The version which we employed, the GHQ-12, has been validated for use with both older (age 17 [2]) and younger (ages 11–15 [35]) adolescents. Although originally conceived as measuring a single dimension, there has been debate over whether it is actually multidimensional. The literature on this, which relates almost entirely to studies of adults, is unclear, and studies have identified one, two and three-factor structures. Differences may result, at least partly, from different scoring and analytic methods [7, 28].
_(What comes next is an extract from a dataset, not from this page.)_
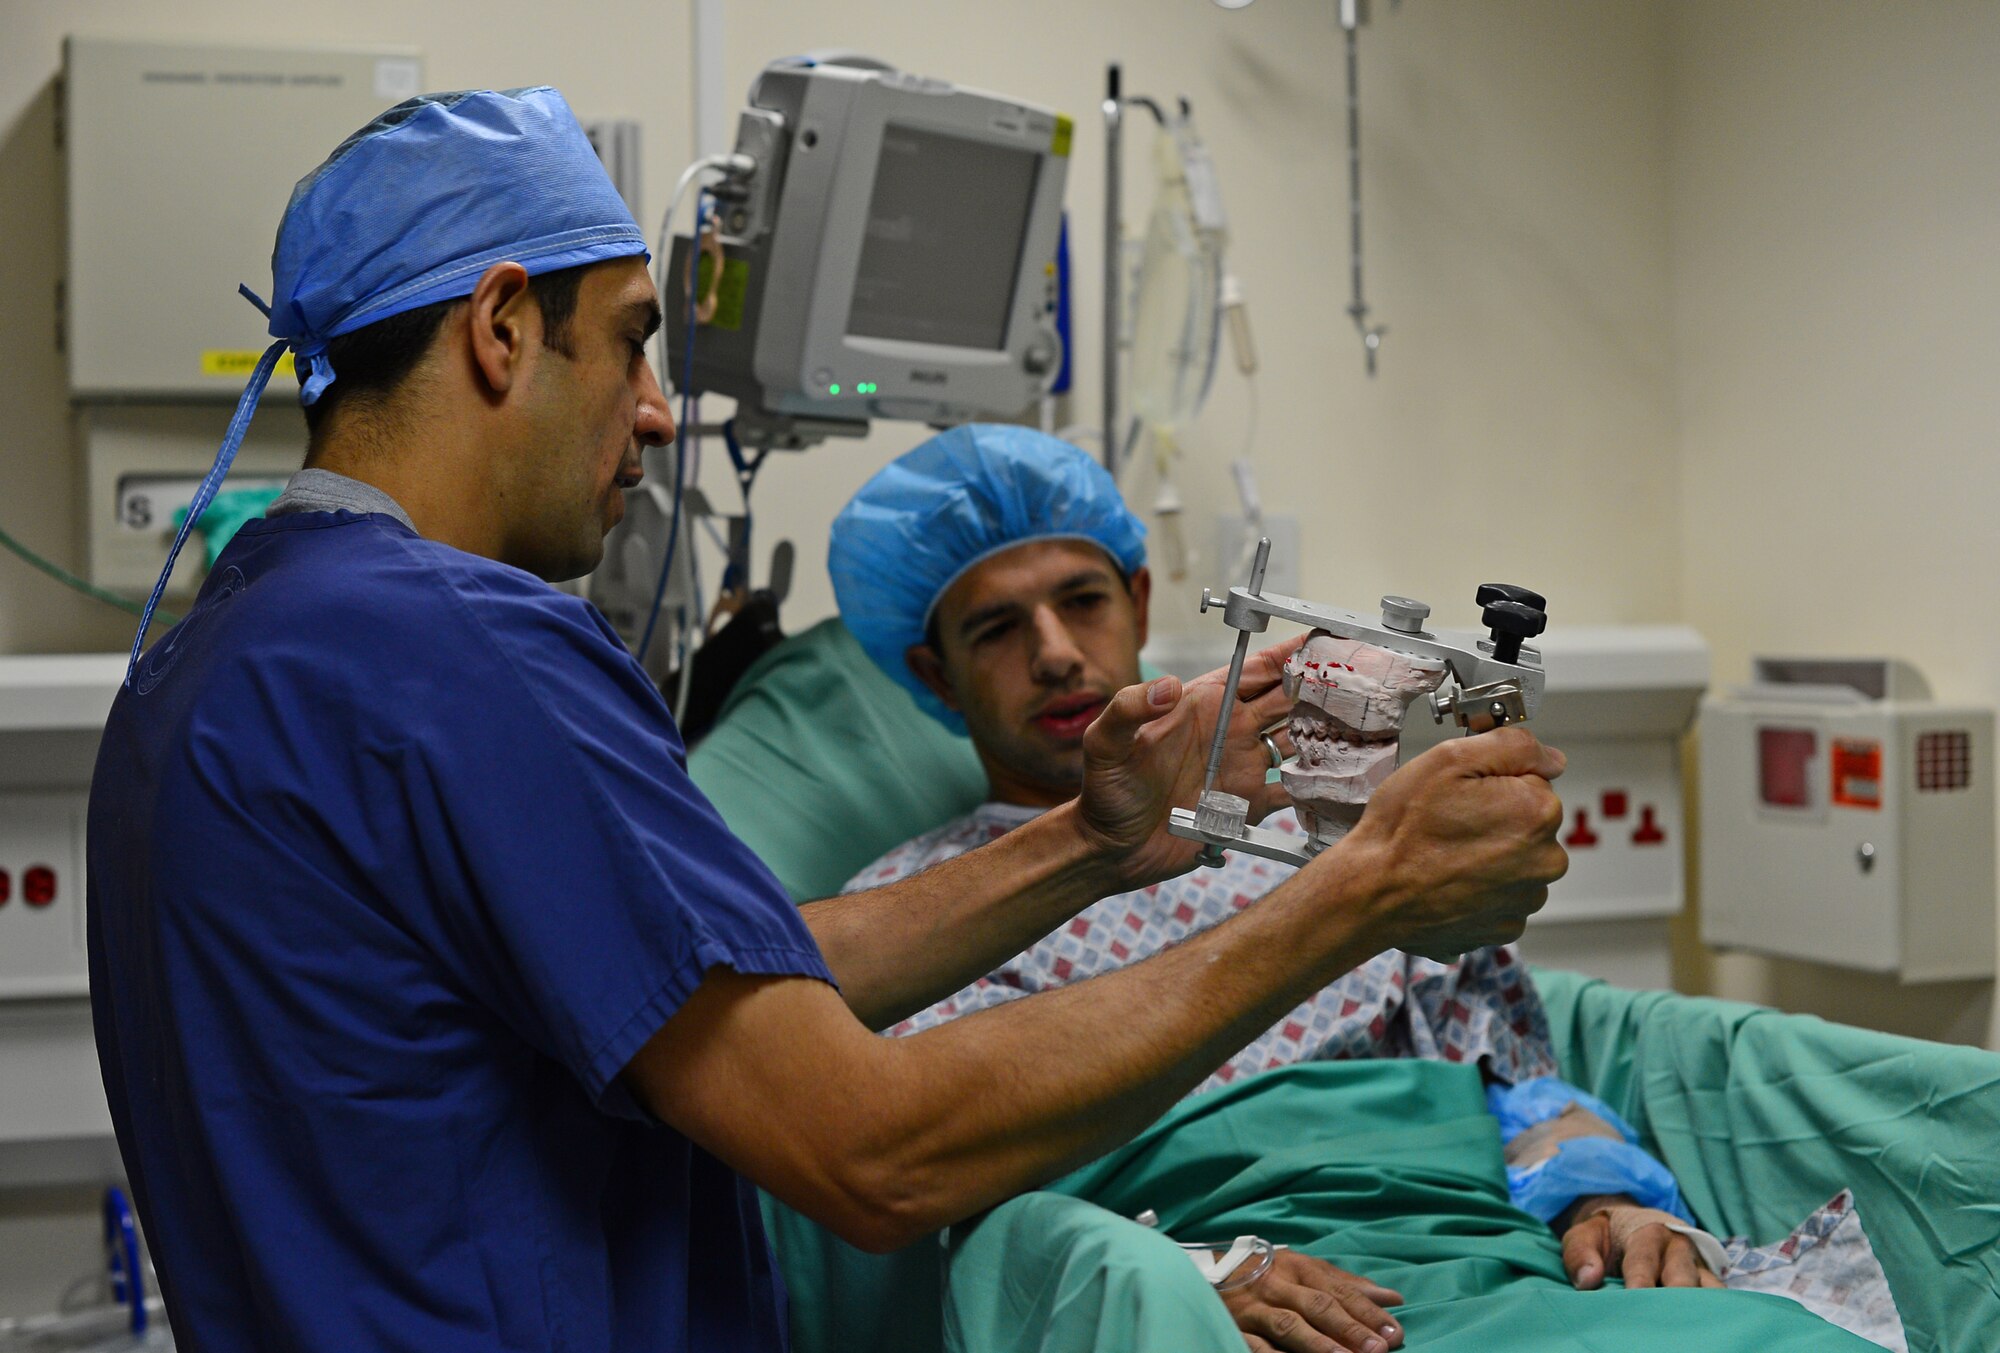 Lt. Col. Khurram Shahzad, 48th Dental Squadron oral maxillofacial surgeon, shows a jaw anatomy model to Senior Airman Trevor McBride, 48th Fighter Wing Public Affairs photojournalist, before an orthognathic facial surgery in the hospital at Royal Air Force Lakenheath, England, July 9, 2015. The procedure is performed to correct jaw and facial conditions, which can affect breathing, induce sleep apnea and cause difficulty eating. (U.S. Air Force photo by Senior Airman Erin O’Shea/Released)

Most two-factor models identify dimensions representing ‘social functioning’ and ‘anxiety and depression’ [6, 31, 40]. ‘Social functioning’ generally includes the ‘positive’ items and ‘anxiety–depression’ ‘negative’ ones, raising the possibility that the factors may have methodological (response set) origins [19]. There may be both cultural and gender differences in the way these factors pattern. Thus, a comparison showed that Latin American adults scored higher than those in the UK, but only on the ‘negative’ items; that is those scoring when the response is ‘more than usual’. The authors suggested this result may have occurred because of cultural differences, symptoms of psychiatric disorder being more socially acceptable in Latin America than the UK [22]. More recently, analyses of an adult UK sample found that females scored higher on the ‘negative’, but not the ‘positive’ factor [19], suggesting it may be more acceptable for females than males to respond ‘more than usual’ to ‘negative’ symptoms.

More recent studies, using confirmatory rather than exploratory factor analysis, have generally favoured a three-factor structure to the GHQ-12, particularly a model proposed by Graetz [18], comprising factors including elements of ‘anxiety and depression’ (four ‘negative’ items), ‘anhedonia and social dysfunction’ (six ‘positive’ items) and ‘loss of confidence or self-esteem’ (two ‘negative’ items). This model, which was based on data from a large representative Australian sample of 16–25 year olds, has been supported in confirmatory analyses of samples of adults [7, 24, 28, 31] and adolescents [15].

Analyses

Analyses of change over time in GHQ-12 ‘caseness’ and individual items were based on categorical data, thus binary scoring was used. The cut-off for GHQ ‘caseness’ was defined as 2/3 [2, 16]. In addition, the robustness of the findings in respect of ‘caseness’ was checked with more stringent cut-offs of 3/4 and 4/5.

In order to examine whether patterns of change differed for particular dimensions, the first step was the use of binary CFA to evaluate the fit of the unitary, two (‘negative’ and ‘positive’ items) and three (‘anxiety and depression’, ‘loss of confidence or self-esteem’ and ‘anhedonia and social dysfunction’) factor models at each time-point and overall. The Mplus statistical package [27] was used, with the weighted least squares mean and variance adjusted estimator. Model fit was assessed by several fit indices, among them the CFI (comparative fit index) and RMSEA (root mean square error of approximation, a statistic which is relatively unaffected by sample size). The results indicated a good fit to the data for all three models (for example, CFI fits ranging from 0.93 to 0.98), with the three factor model producing a marginally better fit than the others (further details available upon request from RY). Reflecting this, correlations between the factors were extremely high (anxiety–depression with anhedonia–social dysfunction r = 0.989; anxiety–depression with loss of confidence = 0.957; anhedonia–social dysfunction with loss of confidence = 0.964). Factor scores from the two and three factor solutions were analysed in respect of change over time. Note that saved scores from binary factor analysis are not distributed normally [27] and do not have a mean of 0 or SD of 1.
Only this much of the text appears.